[SUPPLIED RECORDS Boundary: Start]
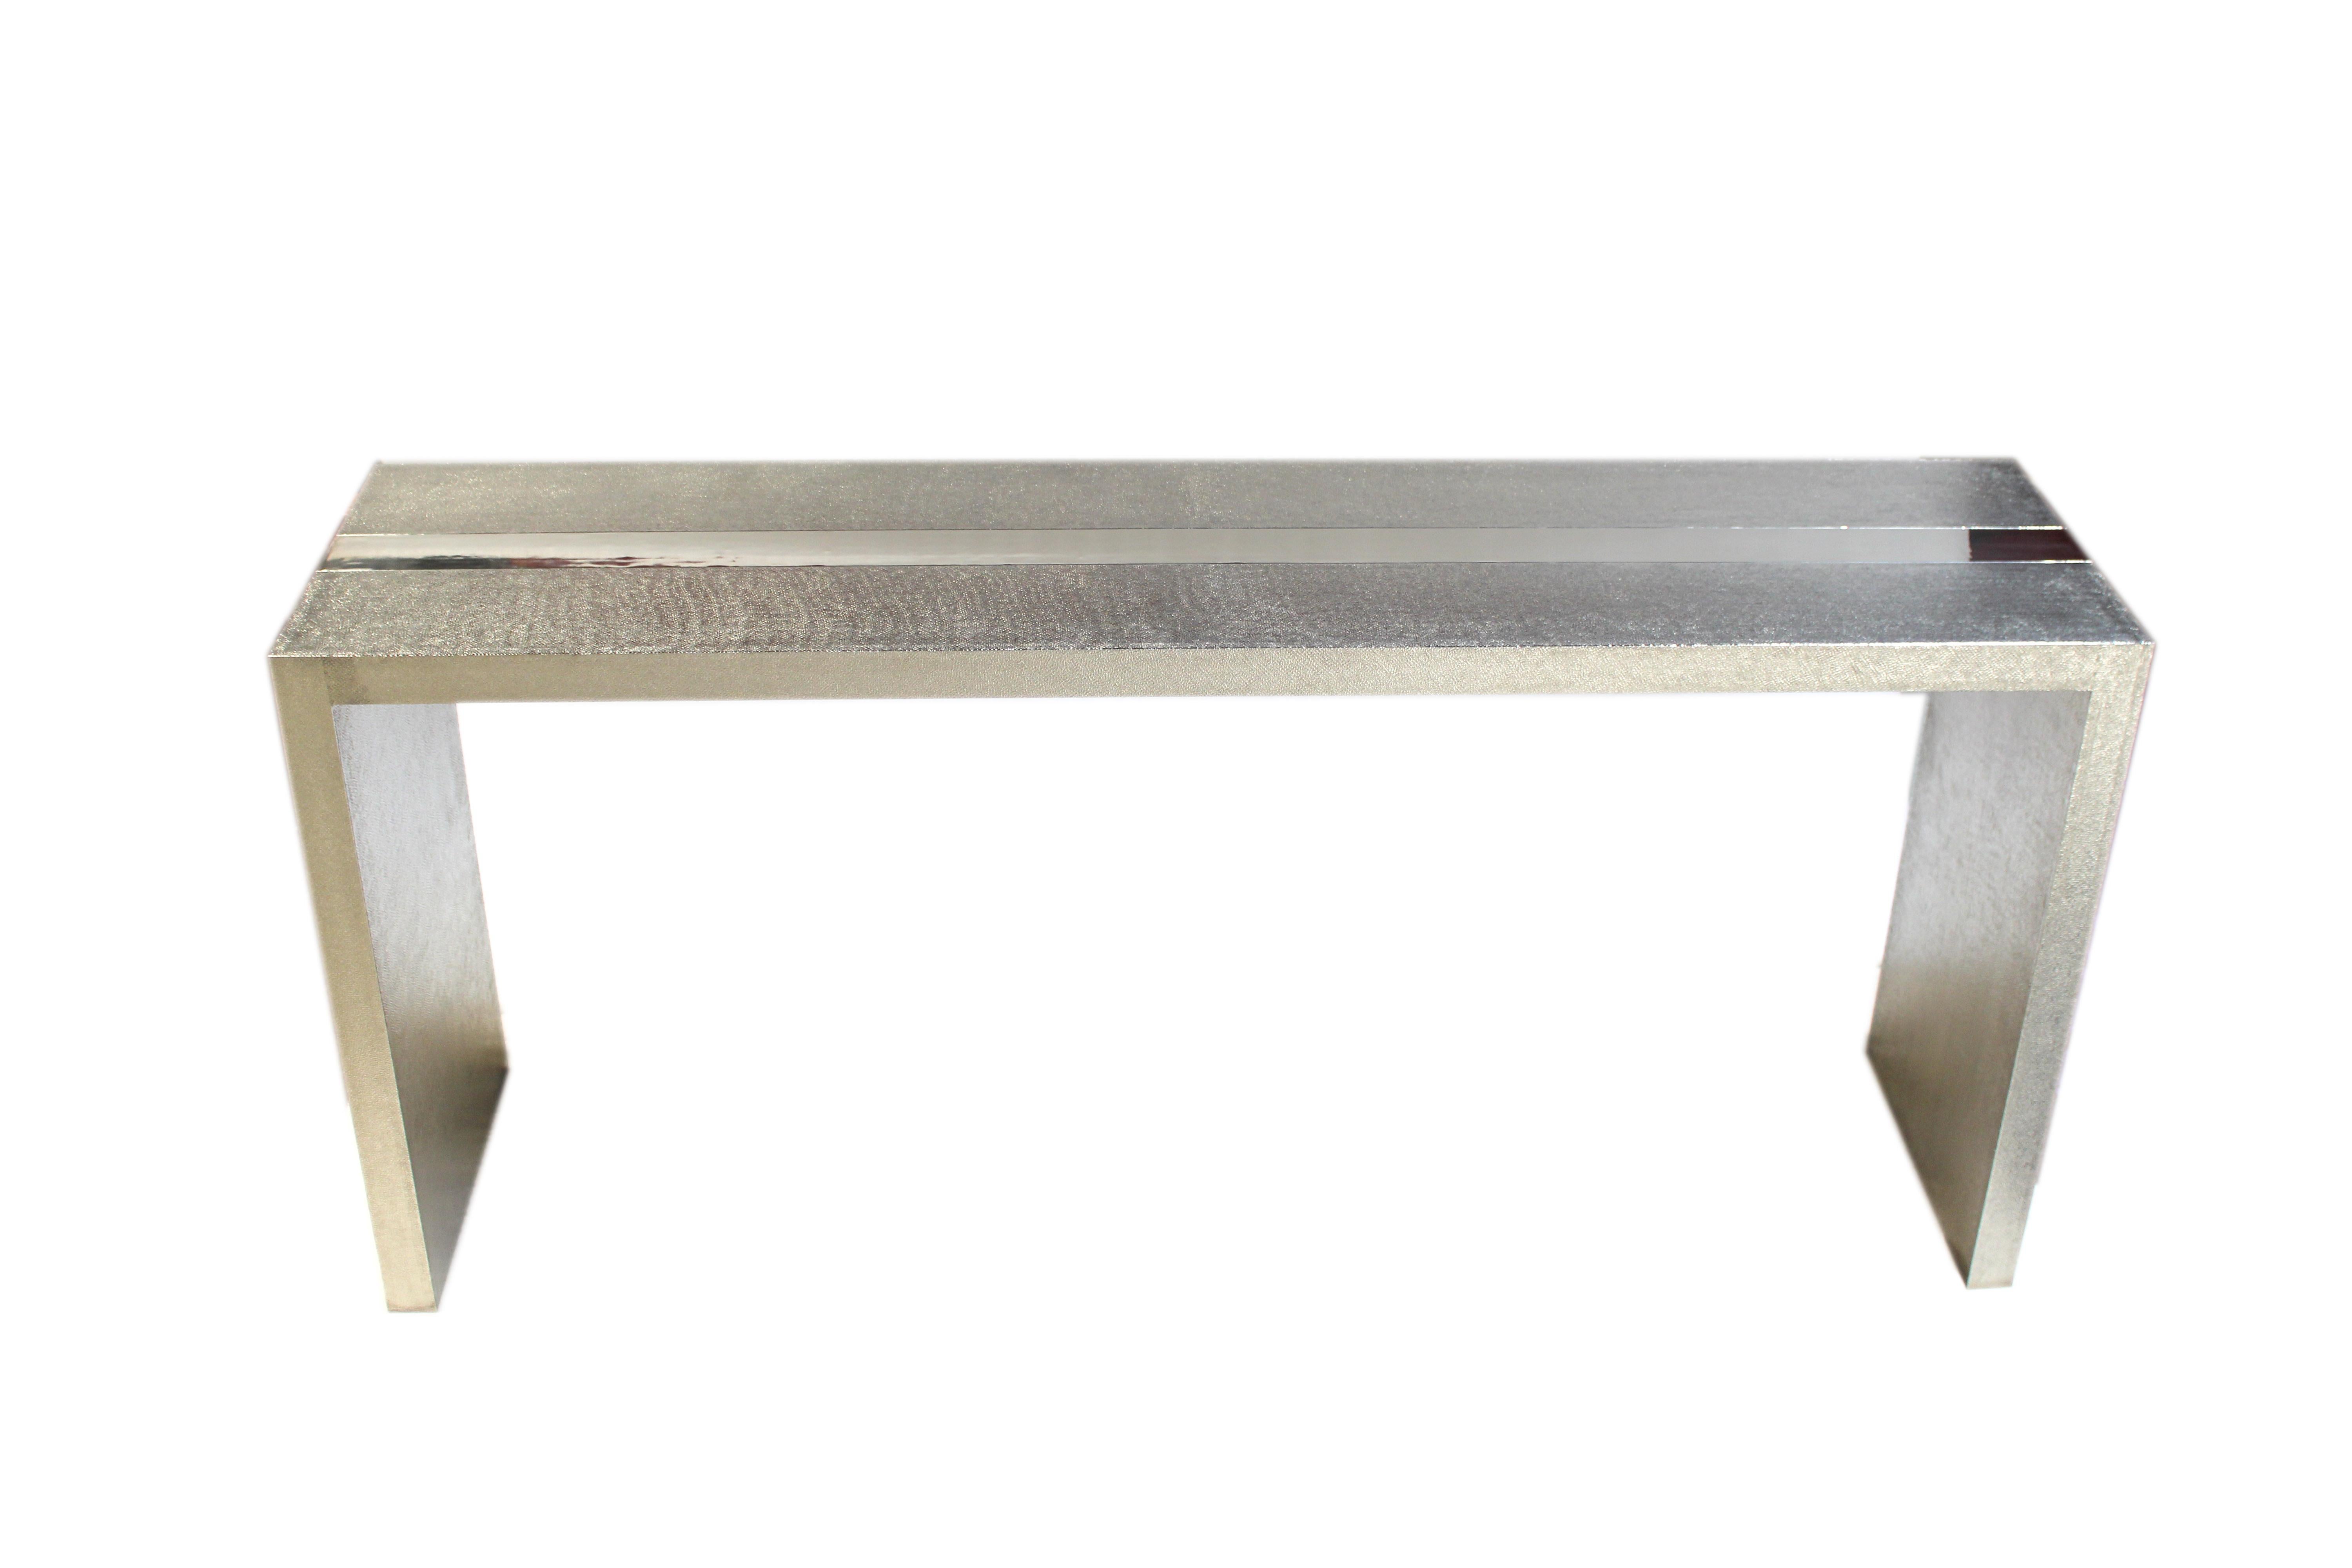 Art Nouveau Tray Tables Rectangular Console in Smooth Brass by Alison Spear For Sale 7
[SUPPLIED RECORDS Boundary: End]
[SUPPLIED RECORDS Boundary: Start]
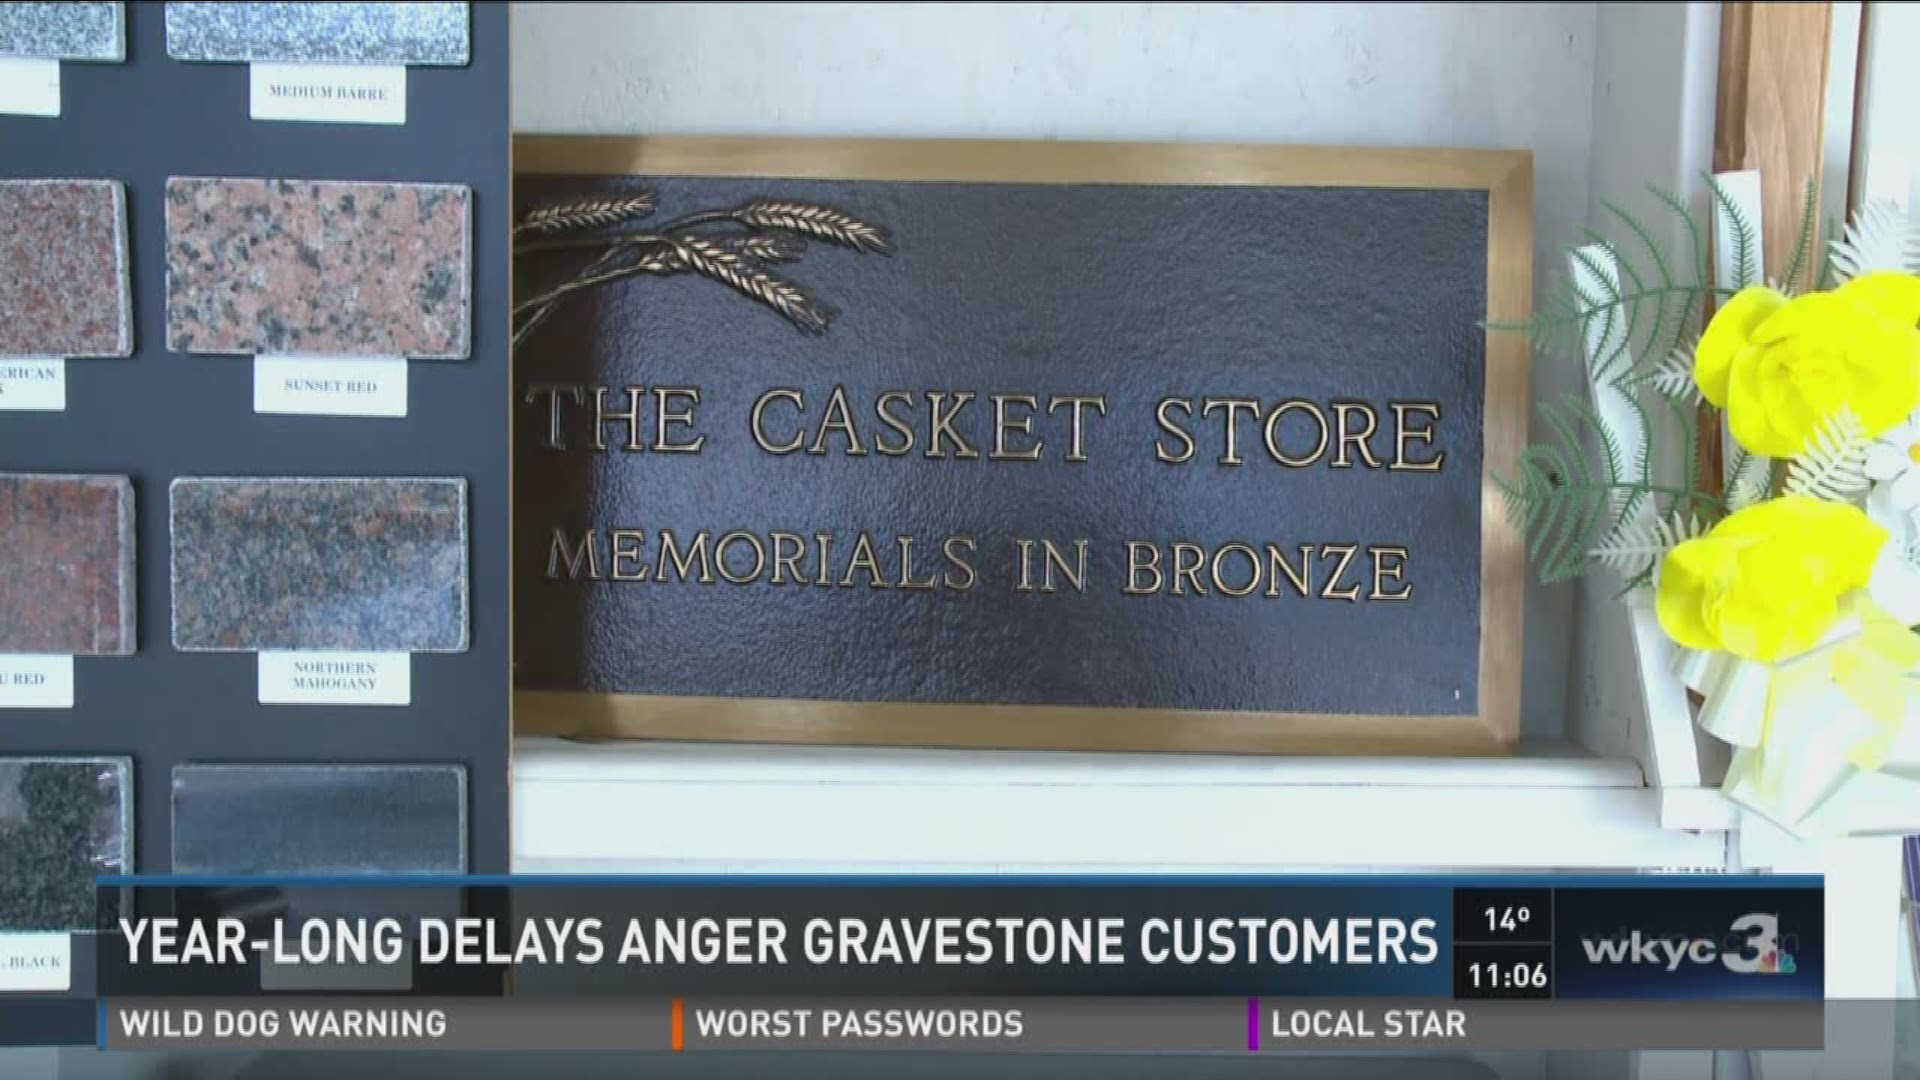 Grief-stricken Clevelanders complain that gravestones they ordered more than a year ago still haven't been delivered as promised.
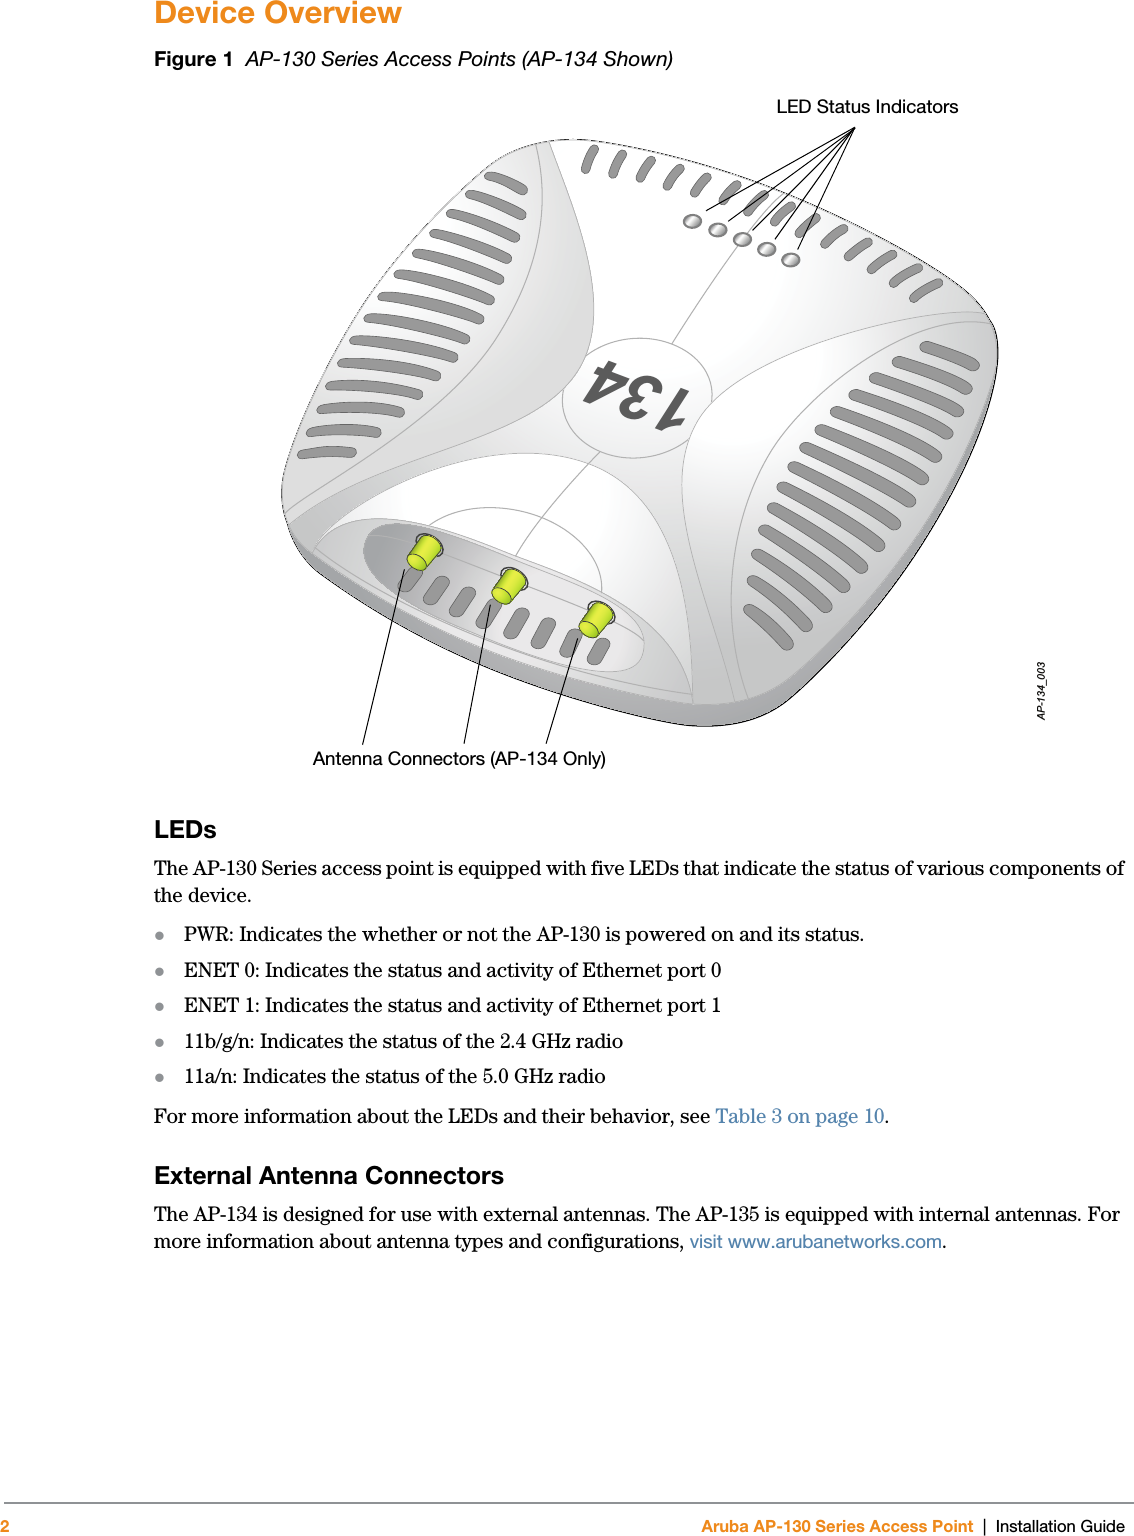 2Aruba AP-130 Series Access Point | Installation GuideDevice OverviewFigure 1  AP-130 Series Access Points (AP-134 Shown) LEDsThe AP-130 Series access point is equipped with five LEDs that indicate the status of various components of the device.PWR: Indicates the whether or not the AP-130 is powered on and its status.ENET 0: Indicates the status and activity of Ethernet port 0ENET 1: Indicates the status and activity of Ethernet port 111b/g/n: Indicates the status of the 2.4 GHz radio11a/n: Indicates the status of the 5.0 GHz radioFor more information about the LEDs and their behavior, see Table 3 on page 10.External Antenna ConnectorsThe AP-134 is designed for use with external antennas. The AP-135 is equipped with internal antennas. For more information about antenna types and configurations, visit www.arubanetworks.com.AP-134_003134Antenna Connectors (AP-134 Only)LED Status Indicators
[SUPPLIED RECORDS Boundary: End]
**GOAL OF THE EXERCISE:** Write back the stretch of lines above that begins with the line holding "Grief-stricken Clevelanders complain" and ends with the line holding "2Aruba AP-130 Series", both included, exactly as written. Pictures stay out.

**RESPONSE TO THIS TASK:**
 Grief-stricken Clevelanders complain that gravestones they ordered more than a year ago still haven't been delivered as promised.
 2Aruba AP-130 Series Access Point | Installation GuideDevice OverviewFigure 1  AP-130 Series Access Points (AP-134 Shown) LEDsThe AP-130 Series access point is equipped with five LEDs that indicate the status of various components of the device.PWR: Indicates the whether or not the AP-130 is powered on and its status.ENET 0: Indicates the status and activity of Ethernet port 0ENET 1: Indicates the status and activity of Ethernet port 111b/g/n: Indicates the status of the 2.4 GHz radio11a/n: Indicates the status of the 5.0 GHz radioFor more information about the LEDs and their behavior, see Table 3 on page 10.External Antenna ConnectorsThe AP-134 is designed for use with external antennas. The AP-135 is equipped with internal antennas. For more information about antenna types and configurations, visit www.arubanetworks.com.AP-134_003134Antenna Connectors (AP-134 Only)LED Status Indicators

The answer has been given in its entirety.